▶ ASSIGNMENT: Repeat the listing exactly, minus the pictures.

▶ SOURCE MATERIAL:
- Opening Delimiter -
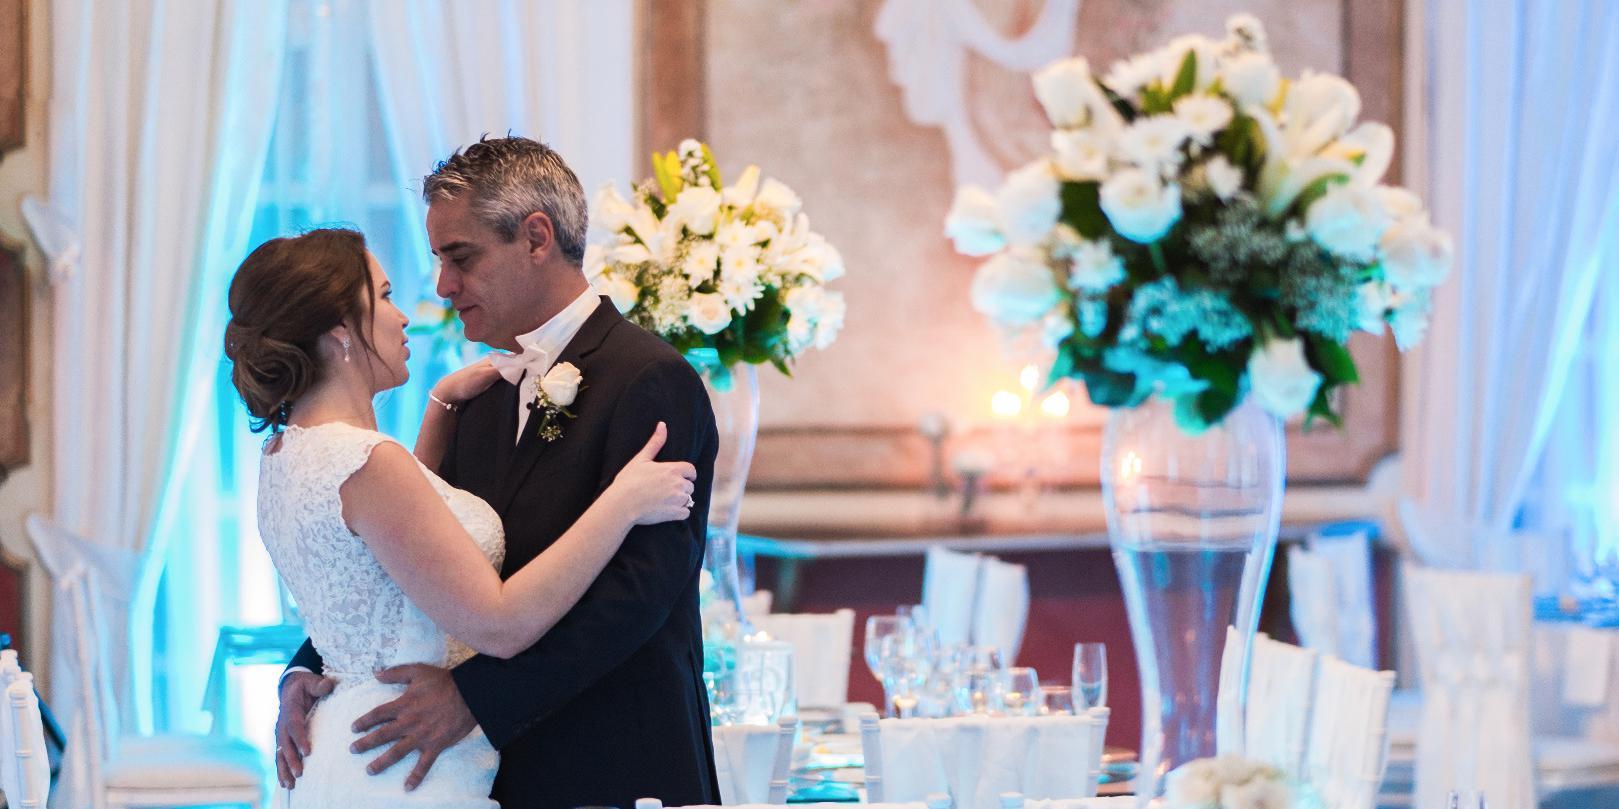 bodas-sin-clasificar-sin-tema-cuba-30901.jpg
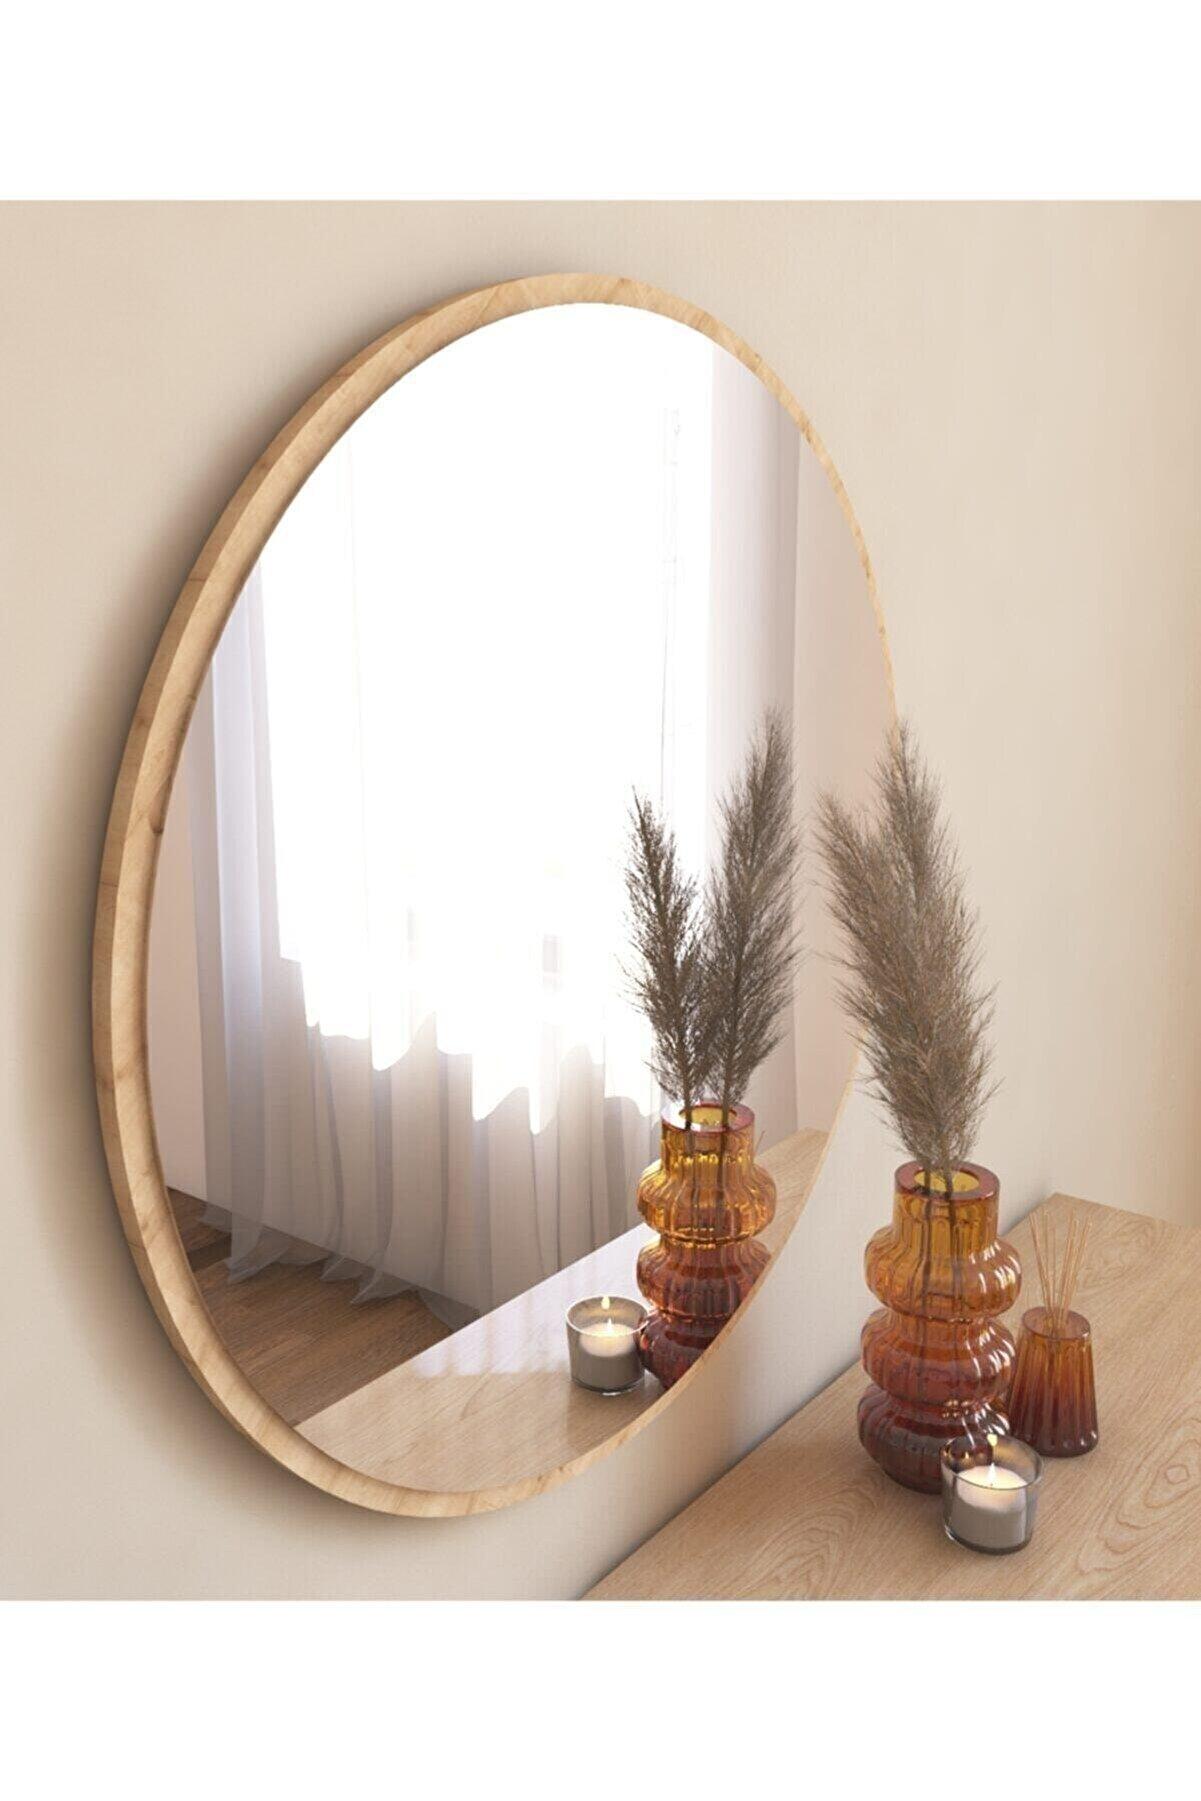 TARZDESİGN 58 Cm Safir Meşe Dekoratif Yuvarlak Antre Hol Koridor Duvar Salon Mutfak Banyo Wc Ofis Aynası
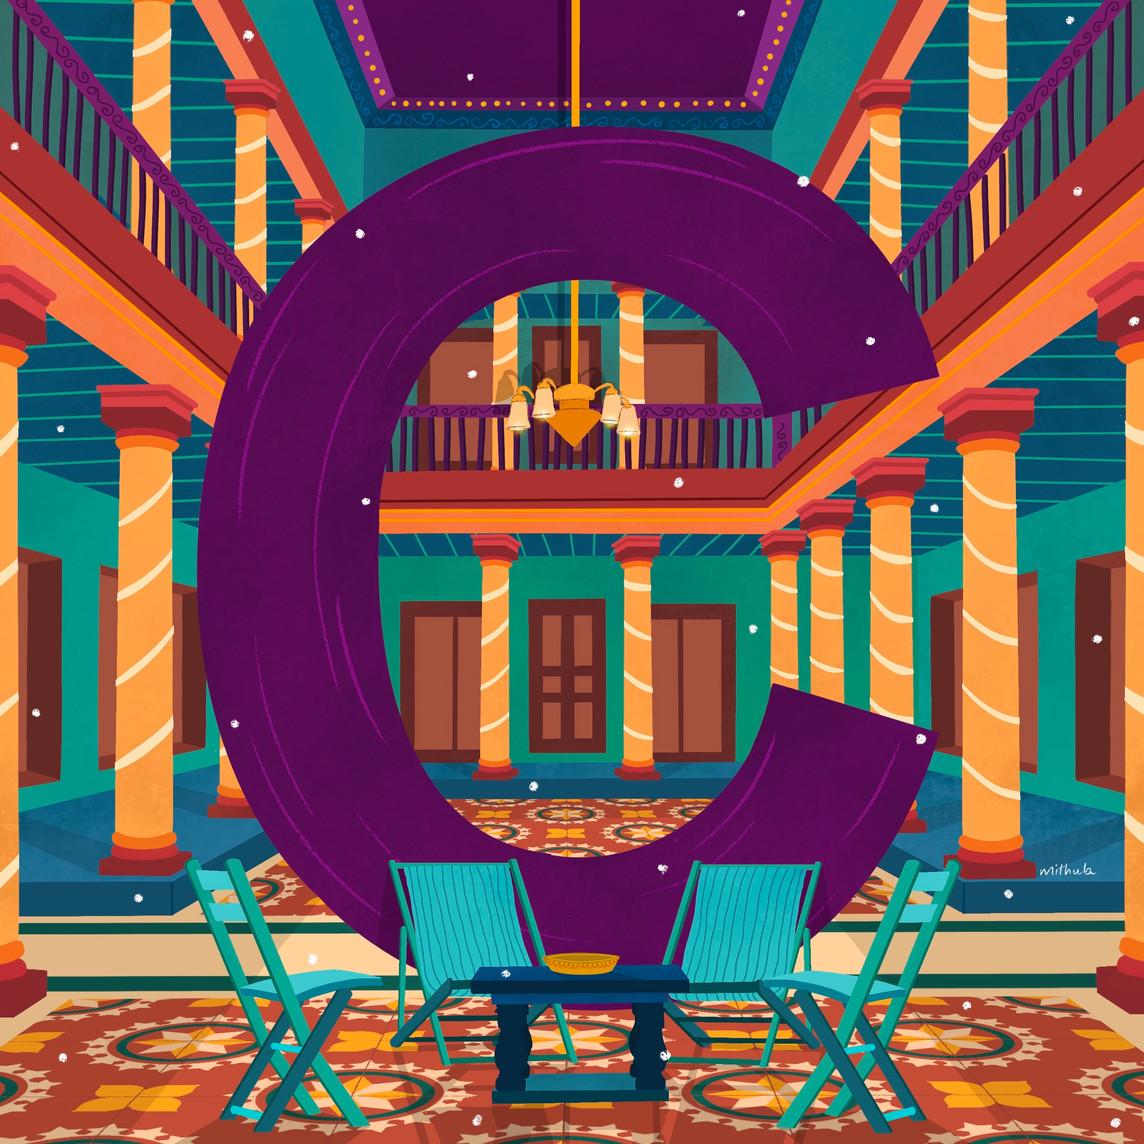 C for Chettinad Palace
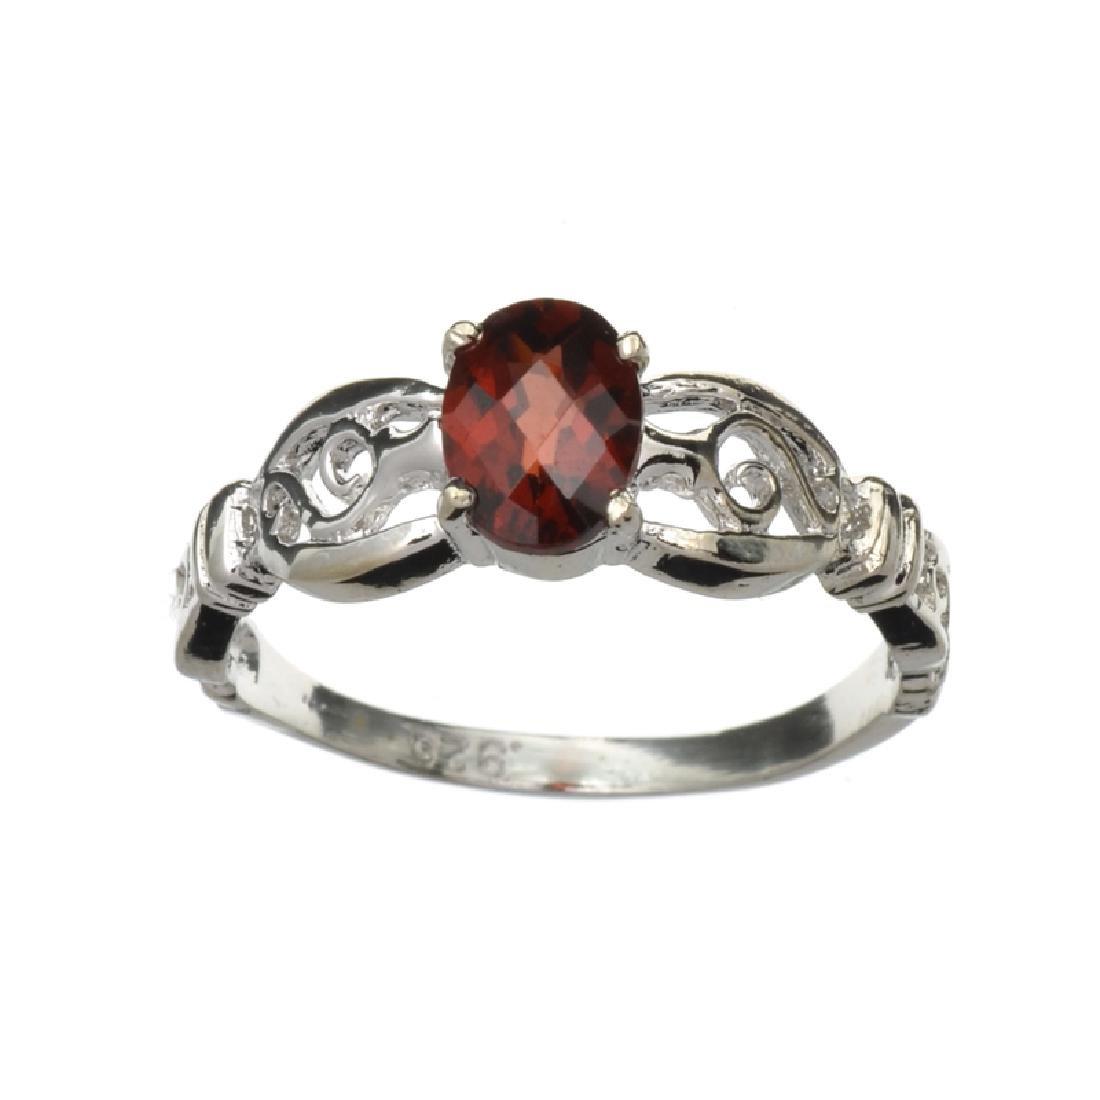 APP: 0.7k Fine Jewelry 1.00CT Oval Cut Almandite Garnet
- Closing Delimiter -
▶ EXERCISE ANSWER:
 bodas-sin-clasificar-sin-tema-cuba-30901.jpg
 TARZDESİGN 58 Cm Safir Meşe Dekoratif Yuvarlak Antre Hol Koridor Duvar Salon Mutfak Banyo Wc Ofis Aynası
 C for Chettinad Palace
 APP: 0.7k Fine Jewelry 1.00CT Oval Cut Almandite Garnet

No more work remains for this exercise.